The Association between Inactivating Mutations in Tumor-Suppressor Genes and Drugs Were Also Obtained Based on the Combination of Observed Responses and Newly Predicted Responses

The association between inactivating mutations in tumor suppressor genes and drugs were also obtained based on the combination of observed responses and newly predicted responses. (A) TP53 is found to be significantly resistant to Nutlin-3a based on the combination of known and unknown response. (B) RB1 is also found to be significantly resistant to PD-0332991.
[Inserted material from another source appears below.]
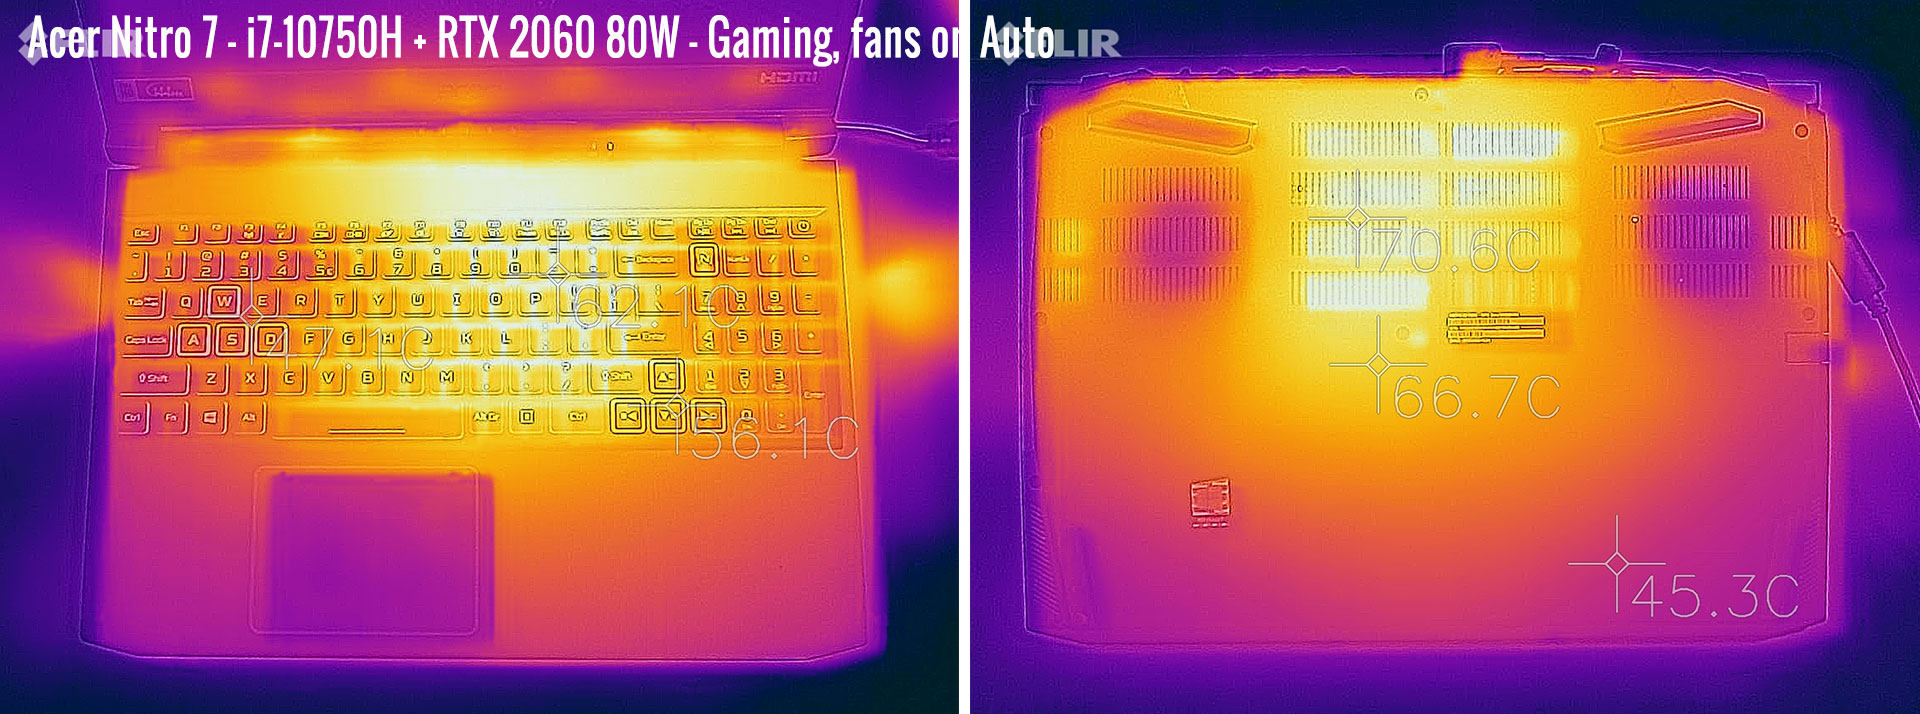 temperatures nitro7 gaming auto

We also investigated the genes that are significantly differentially expressed in sensitive and resistant cell lines, as shown in Figure 6. The threshold p value was set to 0.05, and the threshold fold change was set to 1.5. Significantly differentially expressed genes further went through gene ontology enrichment analysis by DAVID30 (https://david.ncifcrf.gov/) with default parameter settings. Finally, differentially expressed genes were found to be related to the PI3K-Akt signaling pathway (p = 7.9e-4), ECM-receptor interaction (p = 3.3e-10), and small-cell lung cancer (p = 1.5e-4).

Figure 6.

Figure 6

Volcano Plot of Gene Expression Profiles in Sunitinib-Sensitive and -Resistant Cell Lines

Discussion

In this study, we developed a collaborative filtering-based method, NCFGER, to estimate the response of cancer cell lines to drug treatments for IC50 values as well as activity area in GDSC and CCLE datasets, respectively. This method is the hybrid of cell line-based and drug-based collaborative filtering techniques, thereby incorporating similarity in responses from the perspective of cell lines and drug structures, similarity in cell-line gene expression profile, as well as similarity in drug chemical fingerprint. It also applies a global effect removal to preprocess the available drug response and a shrinkage operation on both cell-line similarity network and drug similarity network to avoid the bias caused by unknown responses. 10-fold cross-validation showed that the drug-response similarity can better improve the drug-response prediction performance in comparison with the cell-line gene expression and drug chemical structure similarity. 10-fold cross-validation also showed that the hybrid NCFGER algorithm consistently outperformed SRMF, suggesting that the hybrid NCFGER are more predictive of anti-cancer drug response. We also used the hybrid NCFGER to predict the unknown drug-response values in the GDSC dataset. In combination with the available observations, the results of gene mutation association with drug response, inactivating mutation association in tumor gene suppressors with drugs were all consistent with previous findings.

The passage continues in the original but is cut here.